What you will do
The full listing, returned exactly and free of pictures, is the expected answer.

Data segment
· · · ·
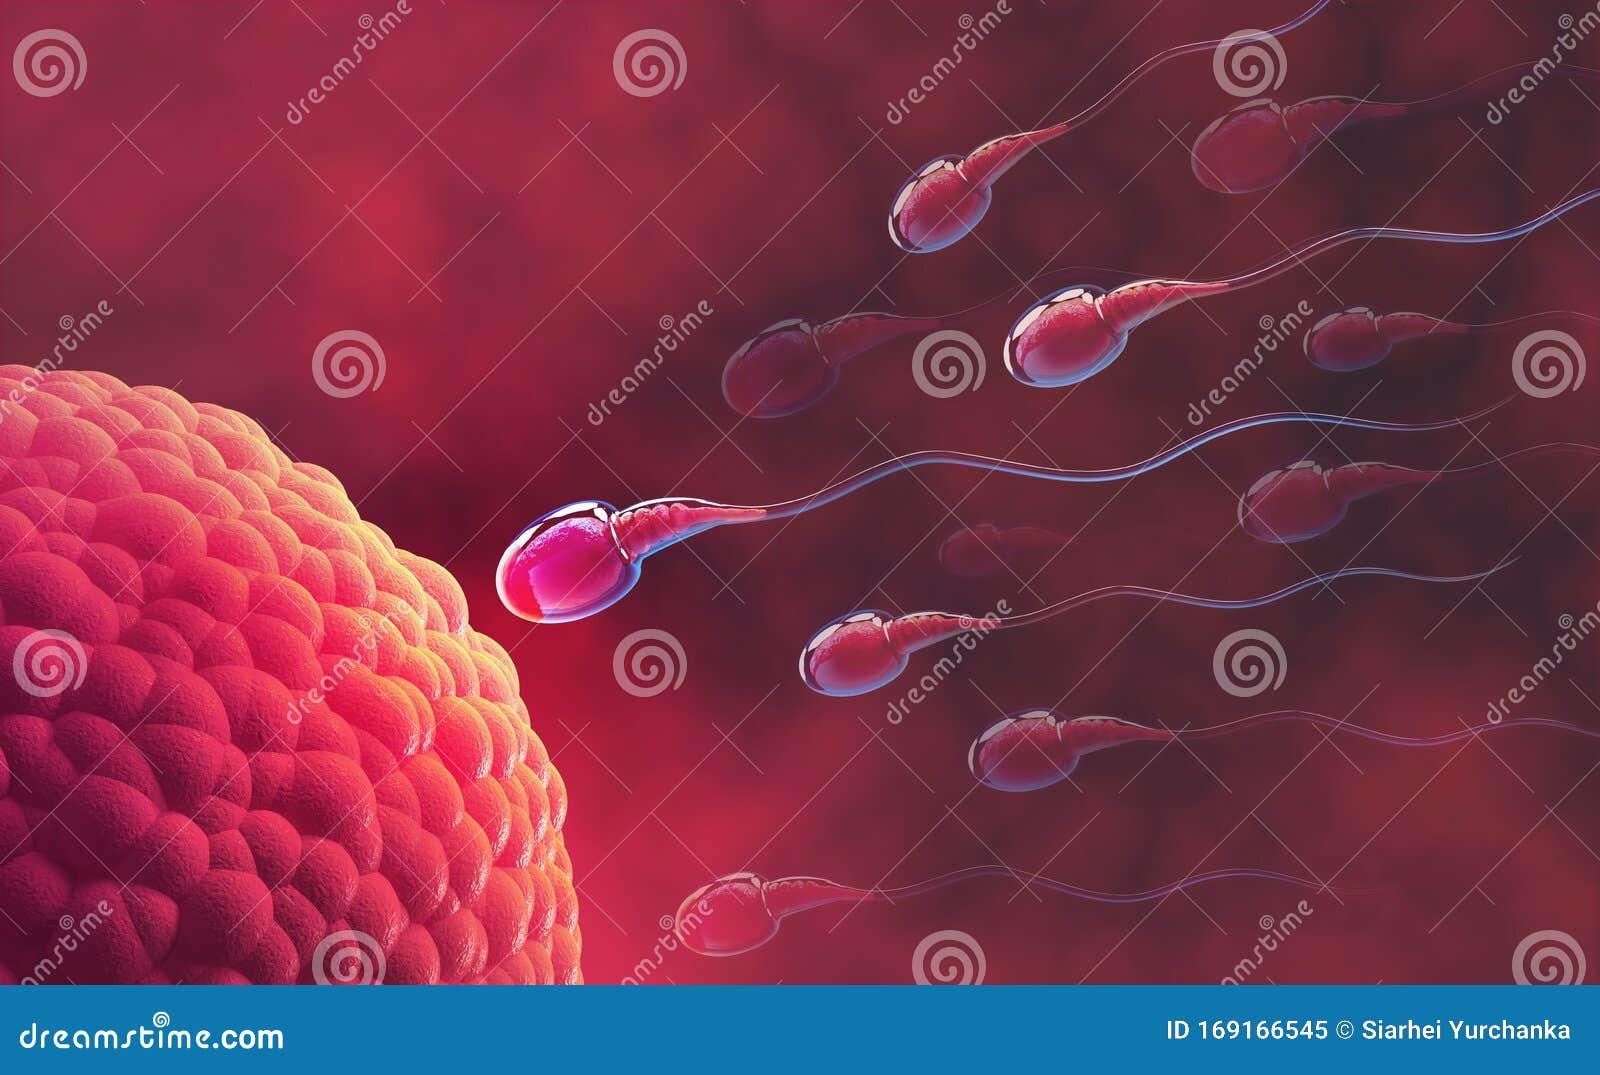 Mikroskop spermien
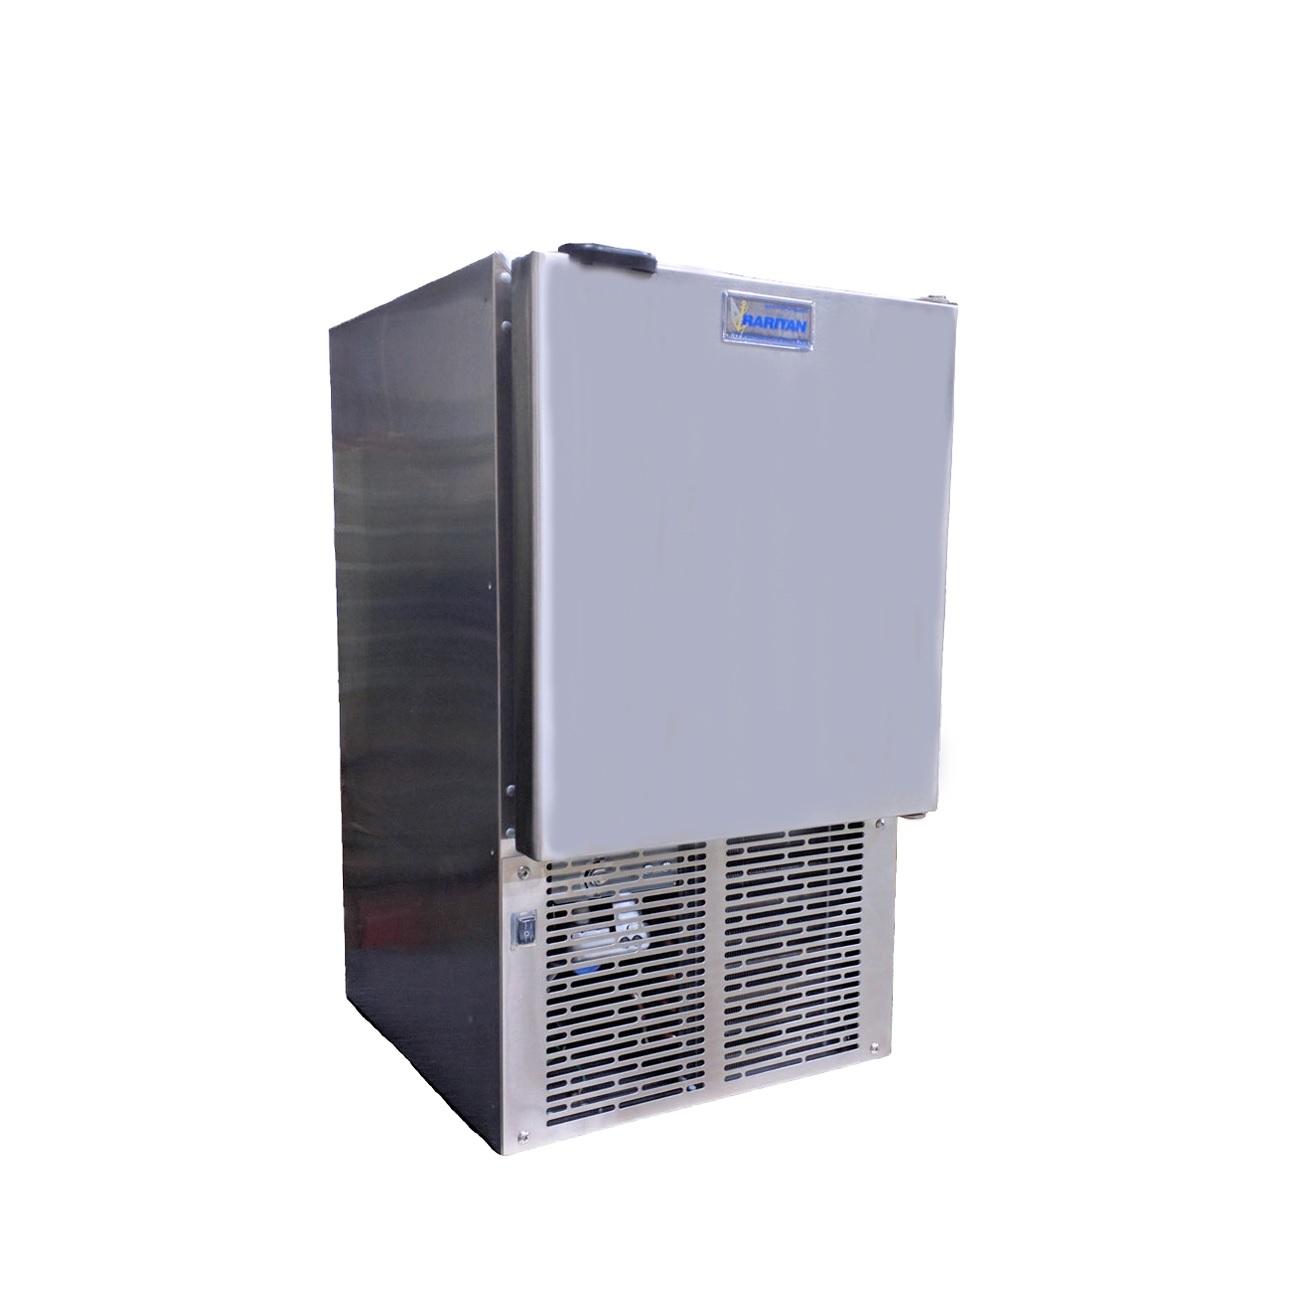 Raritan 87B515-1 Ice Maker BUILT-IN Flange 120V - # 87B515-1
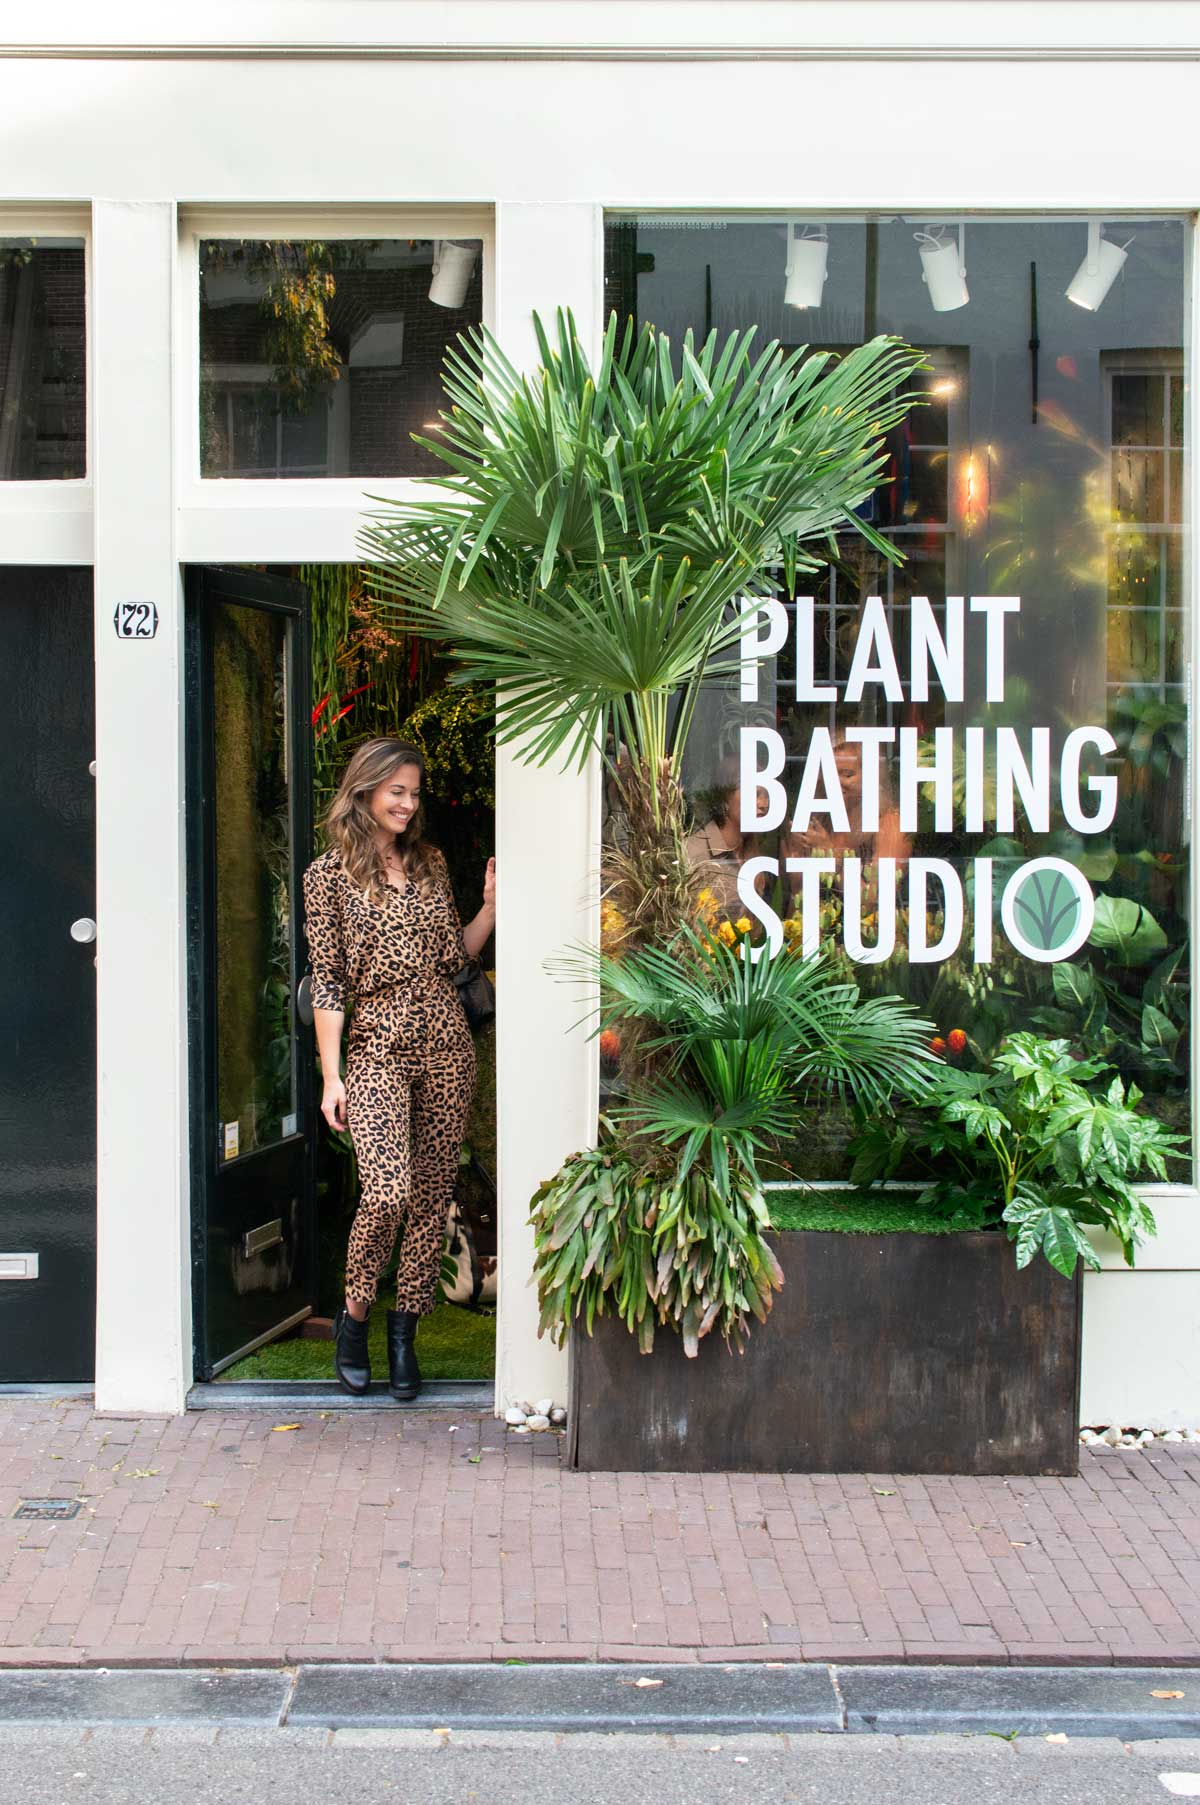 Plant Bathing Studio Amsterdam - Tanja van Hoogdalem
· · · ·
Answer space
 Mikroskop spermien
 Raritan 87B515-1 Ice Maker BUILT-IN Flange 120V - # 87B515-1
 Plant Bathing Studio Amsterdam - Tanja van Hoogdalem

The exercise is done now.